Я сглатываю и киваю. Если соглашусь, что больна, Вивьен станет мне доверять. Ей выгоднее, чтобы я была не в своем уме.

– И еще я нашла твой телефон в ванной – в шкафу под стопкой полотенец. Ты хотела его спрятать?

– Нет, – шепчу я.

– Не верю, – говорит Вивьен. – Элис, ты должна посмотреть правде в глаза: ты больна.

У тебя тяжелейшая послеродовая депрессия. – Она гладит меня по плечу: – Здесь нечего стыдиться. У каждого из нас бывают моменты, когда мы нуждаемся в заботе. А тебе, сравнительно с другими, повезло: ведь присматривать за тобой буду я.

 

28

 

 

9.10.03, 12:00

 

Чарли с Саймоном сидели на большом зеленом диване, заляпанном белесыми пятнами. Они приехали к чете Рэев, Моне и Ричарду (в прошлом – Фэнкорту). Семья занимала половину двухэтажного коттеджа на широкой, обсаженной деревьями улице в городке Гиллингем в графстве Кент. Позади у детективов была мучительная дорога, натянутый вежливый разговор, но Чарли, по крайней мере, не донимала Саймона злобными замечаниями.

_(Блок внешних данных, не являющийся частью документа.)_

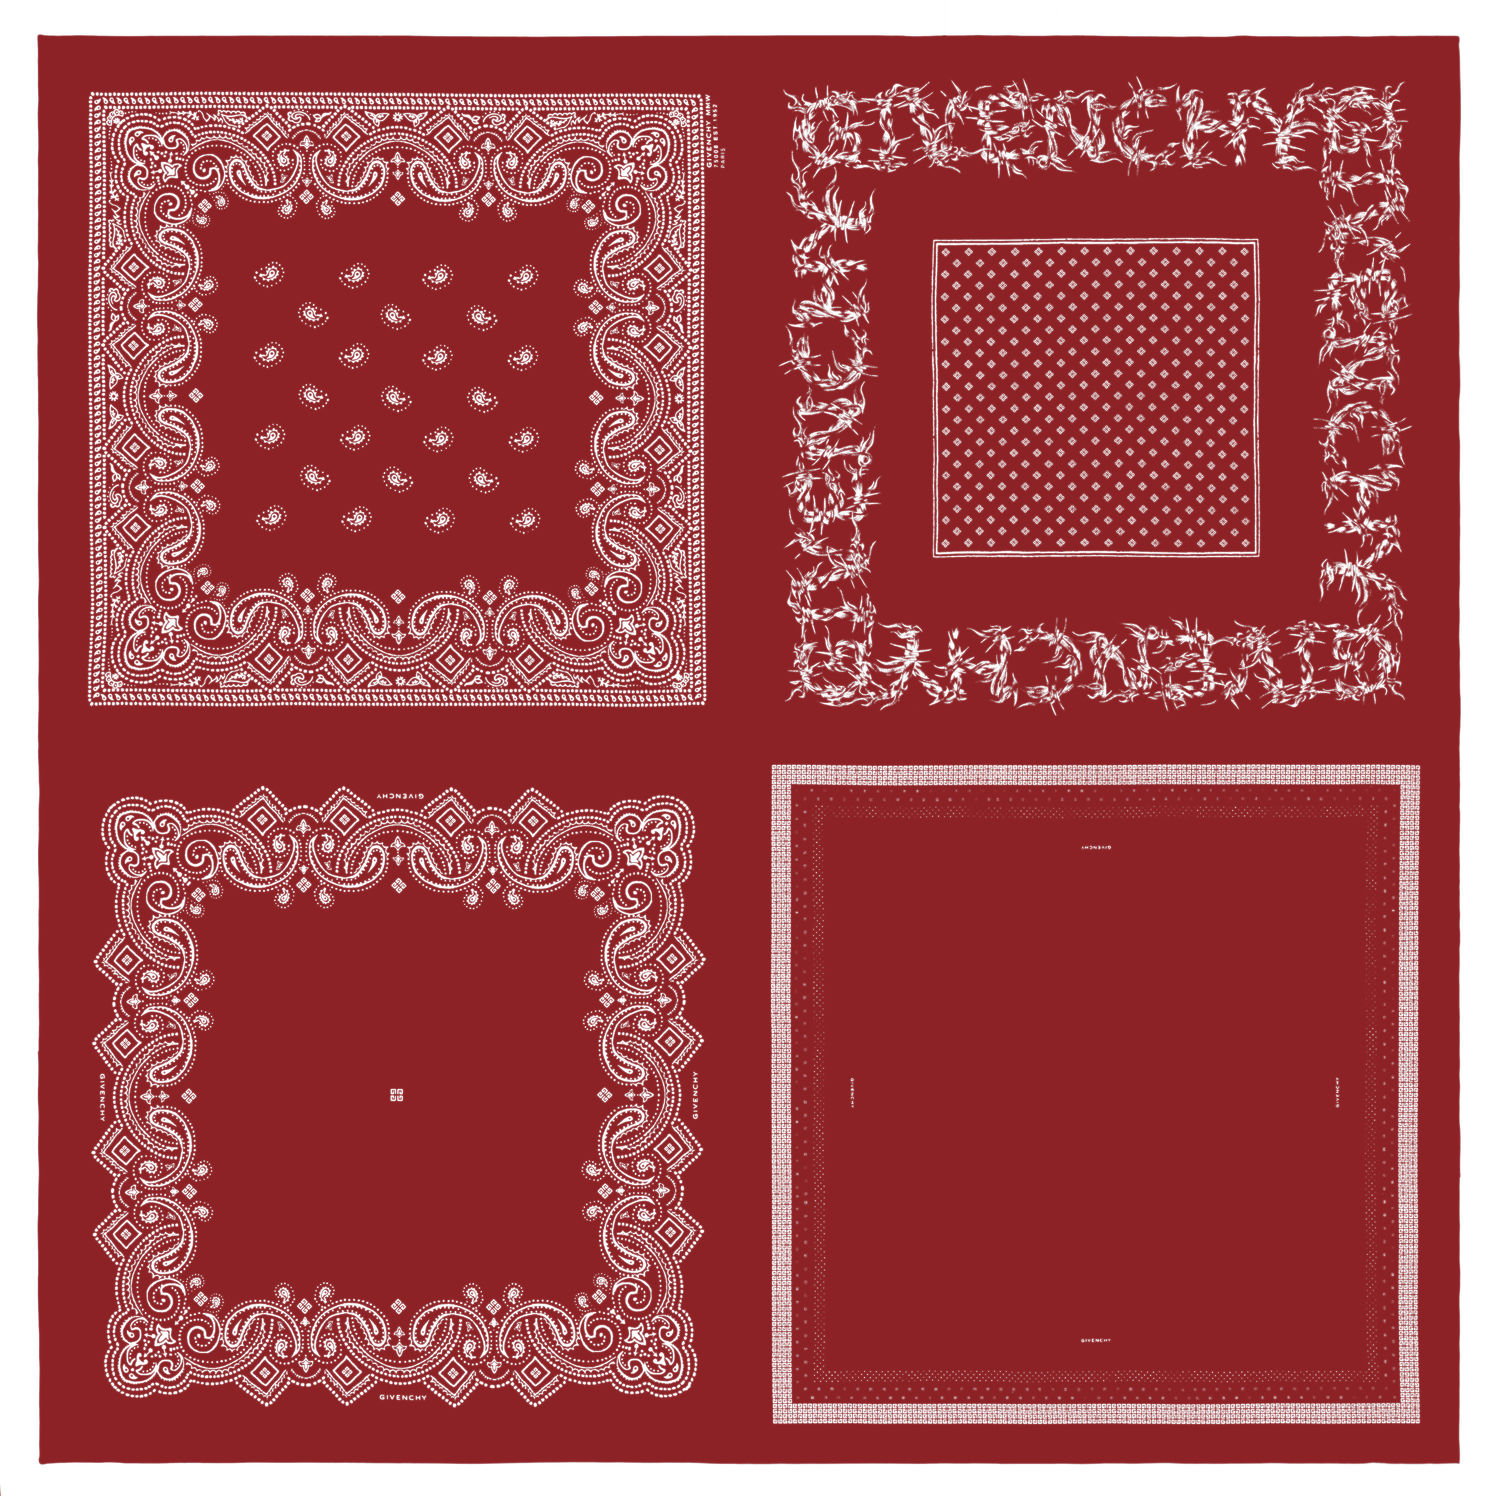 PRINTED BANDANA IN RED - THE EDGE SINGAPORE

Напротив Саймона, в кресле с высокой спинкой и сальным следом на подголовнике, сидел мальчуган в школьной форме – бордовом джемпере и черных брюках. Парень жевал бутерброд. Рыжеватые волосы растрепаны, и веет казенным запахом, что напомнил Саймону начальную школу «Горз‑Хилл», куда он сам ходил в семидесятых.

– Мама с папой сейчас придут, – сообщил детективам Оливер Рэй, оставшийся дома, потому что в школе сломалось отопление.

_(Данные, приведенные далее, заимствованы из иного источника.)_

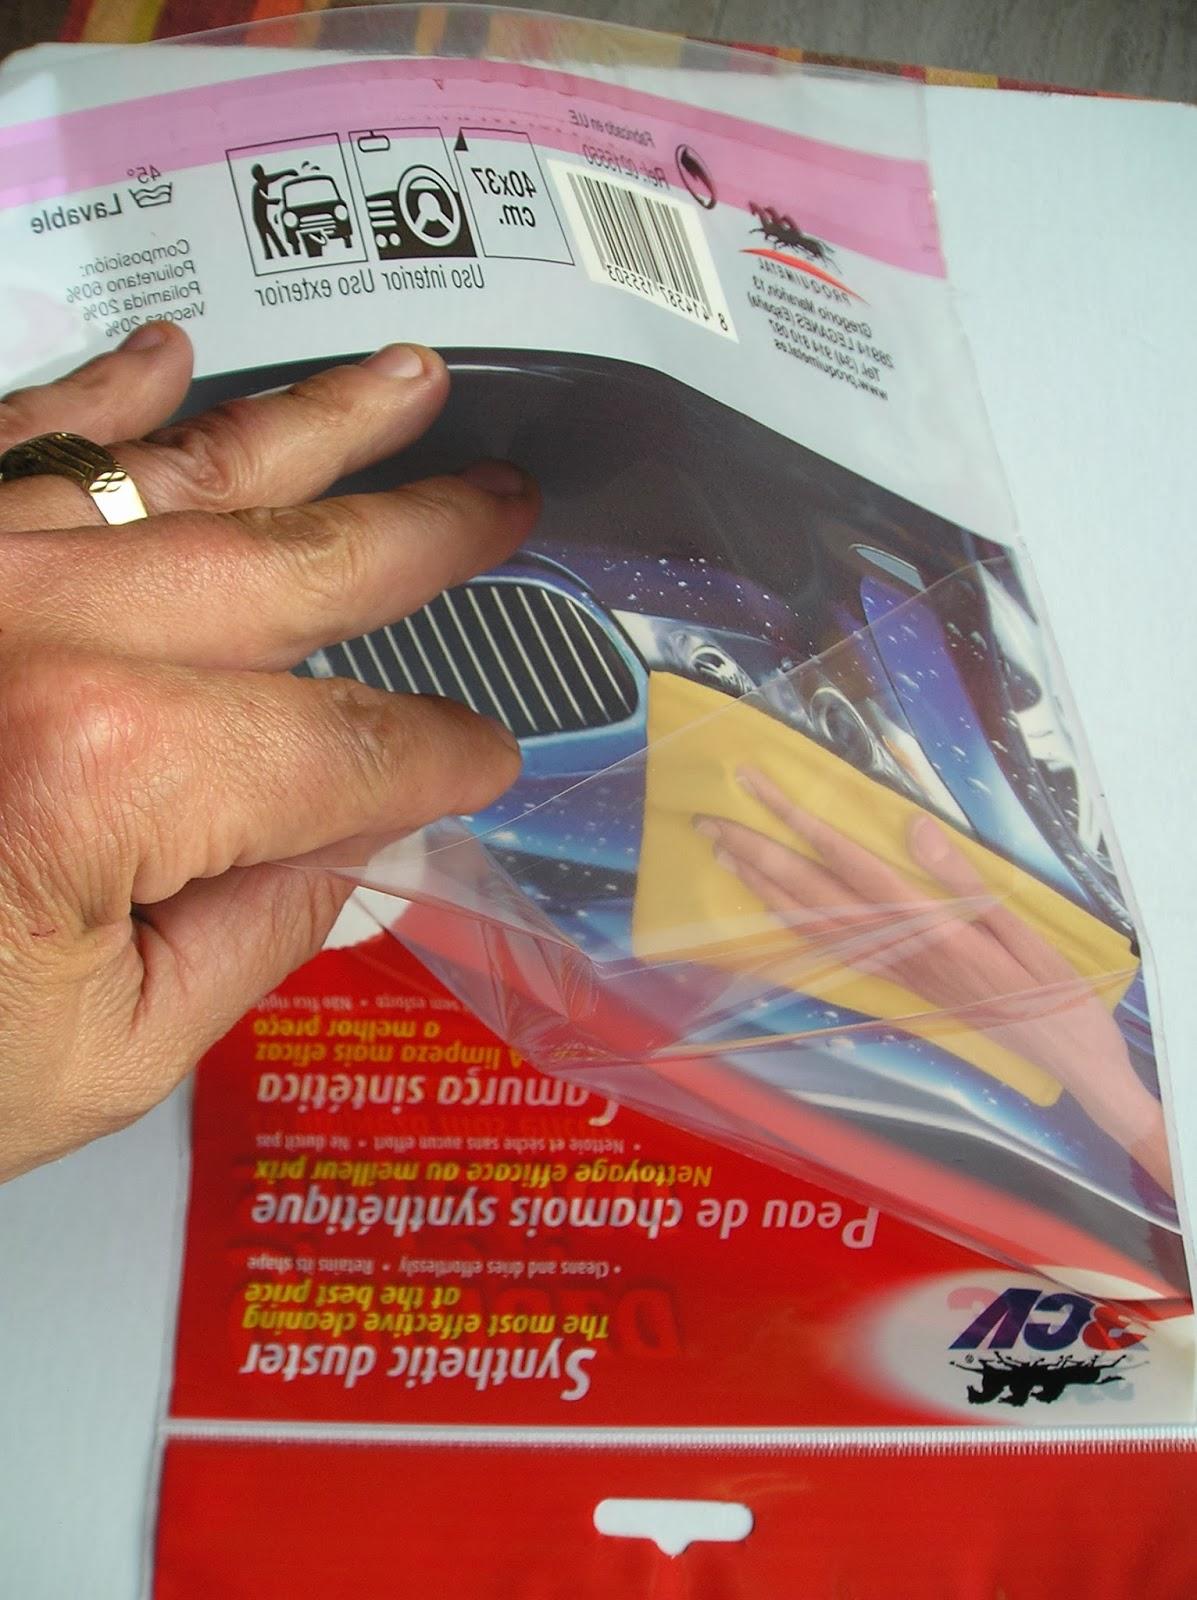 bolsa PP con troquel para colgar + cierre zipper + solapa + tira adhesiva

Саймон сидел и наблюдал, как мальчик кусает толстый ломоть волокнистого хлеба, диетического и неаппетитного на вид. Единокровный брат Дэвида Фэнкорта. Лет тринадцать, прикинул Саймон. Не грудничок. И не девочка. Совсем не Маленькое Личико, как в отчаянии утверждала Элис.

Перекошенная дверь гостиной со скрипом приотворилась, и в комнату с заливистым лаем вбежал большой черный лабрадор. Он тут же ткнулся носом Саймону в промежность.

– Сидеть, Мориарти, сидеть, малыш, – скомандовал Оливер.

Пес неохотно повиновался. В облаке крепких мускусных духов вошла Мона Рэй – пухлая седая дама с каре и россыпью конопушек на носу и скулах. Саймон отметил сходство матери и сына. Фиолетовая водолазка Моны удачно сочеталась с черными брюками и туфлями, в ушах – маленькие скромные золотые сережки с жемчужинами. Мать Саймона назвала бы ее «дамой со вкусом».

Элегантность Моны удивила Саймона. В таком доме он скорее ожидал встретить расхристанную хозяйку. Ему, правда, приходилось видеть жилища и позапущеннее, но они не были так велики. Как правило, это муниципальные хибары, населенные алкоголиками, наркоманами и мошенниками на пособиях. Собаки там были куда костлявее, и ни одну не звали Мориарти.

В гостиной Рэев два больших окна с витражами поверху выходили на улицу, и стекла в трухлявых рамах дребезжали при малейшем ветерке.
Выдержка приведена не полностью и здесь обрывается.